The latter is important since, for some use-cases, the number of documents that contain a pattern is really what I want.
Also, only the payloads on terms that match the query are examined. This means that payloads could only even help with the rankings of the first example query, Word=Washington,NER=Person
, whereby we just want to make sure the term Washingonton
is tagged as a Person
. However, for the second example query, "NER=Person Word=arrived Word=at NER=Location"
, I need to check the tags on unspecified, and thus non-matching, terms.
发布评论
评论(3)
也许实现您所要求的目的的一种方法是在同一位置(即 Word、POS、Chunk、NER)对每个注释类别进行索引,并为每个注释添加唯一的字符串前缀。不要为单词的前缀而烦恼。您将需要一个自定义分析器来保留前缀,但随后您应该能够使用您想要的查询语法。
具体来说,我建议您在指定位置索引以下标记:
要获取语义,请使用 SpanQuery 或 SpanTermQuery 保留标记序列。
我还没有尝试过这个,但是在同一位置索引不同类别的术语应该允许位置敏感查询做正确的事情来评估表达式,例如
请注意与示例的区别:我删除了 Word= 前缀以将其视为默认值。此外,您选择的前缀语法(例如“class=”)可能会限制您正在索引的文档的内容。确保文档不包含短语,或者在预处理中以某种方式转义它们。当然,这与您需要使用的分析仪有关。
更新:我使用这种技术来索引文本中的句子和段落边界(使用
break=sen
和break=para
标记),以便我可以决定在哪里中断短语查询匹配。似乎工作得很好。Perhaps one way to achieve what you're asking is to index each class of annotation at the same position (i.e., Word, POS, Chunk, NER) and prefix each of the annotations with a unique string.

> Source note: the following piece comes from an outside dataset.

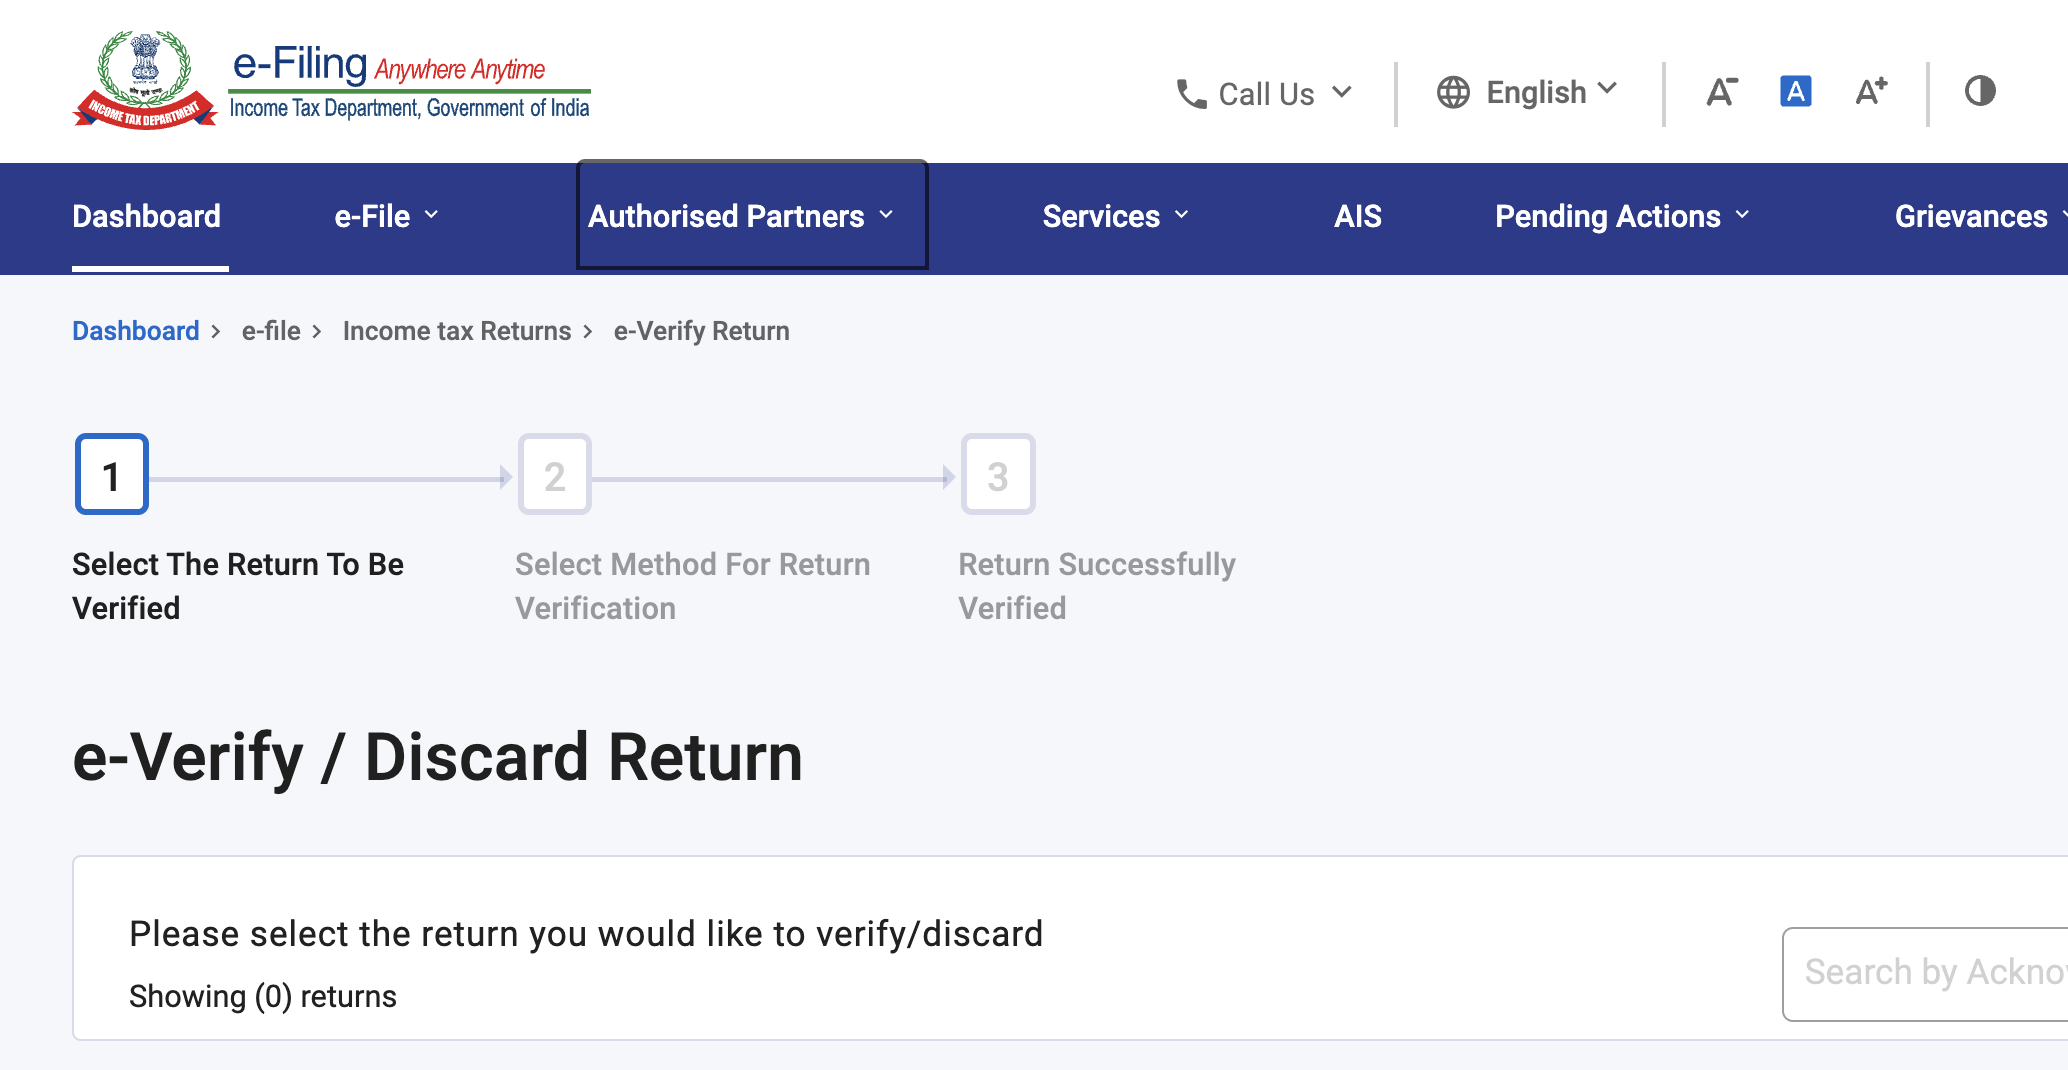 Income tax department introduces new ‘Discard ITR’ facility on its website from AY24. Here are the details

Don't bother with prefixes for words. You will need a custom Analyzer to preserve the prefixes, but then you should be able to use the syntax you want for queries.
To be specific, what I am proposing is that you index the following tokens at the specified positions:
To get the semantics, use SpanQuery or SpanTermQuery to preserve token sequence.
I haven't tried this but indexing the different classes of terms at the same position should allow position-sensitive queries to do the right thing to evaluate expressions such as
Note the difference from your example: I deleted the Word= prefix to treat that as the default. Also, your choice of prefix syntax (e.g., "class=") may constrain the contents of the document you are indexing. Make sure that the documents either don't contain the phrases, or that you escape them in some way in pre-processing. This is, of course, related to the analyzer you'll need to use.
Update: I used this technique for indexing sentence and paragraph boundaries in text (using
break=sen
andbreak=para
tokens) so that I could decide where to break phrase query matches. Seems to work just fine.您正在寻找的是 详细的博客条目关于这个问题。有效负载允许您存储有关各个术语的元数据的字节数组。一旦您使用有效负载对数据进行了索引,您就可以创建一个新的相似性机制,在评分时将您的有效负载考虑在内。
What you are looking for are payloads. Lucid Imagination has a detailed blog entry on the subject. Payloads allow you to store a byte array of metadata about individual terms. Once you have indexed your data with the payloads including, you can create a new similarity mechanism that takes your payloads into account when scoring.
您确实可以使用 SpanQuery 在 Lucene 中搜索文本模式 并调整倾斜距离来限制查询术语可以出现的彼此数量,甚至它们出现的顺序。
You can indeed do search for patterns of text in Lucene using SpanQuery and adjust the slop distance to limit how many terms of each other the query terms can occur, and even the order in which they appear.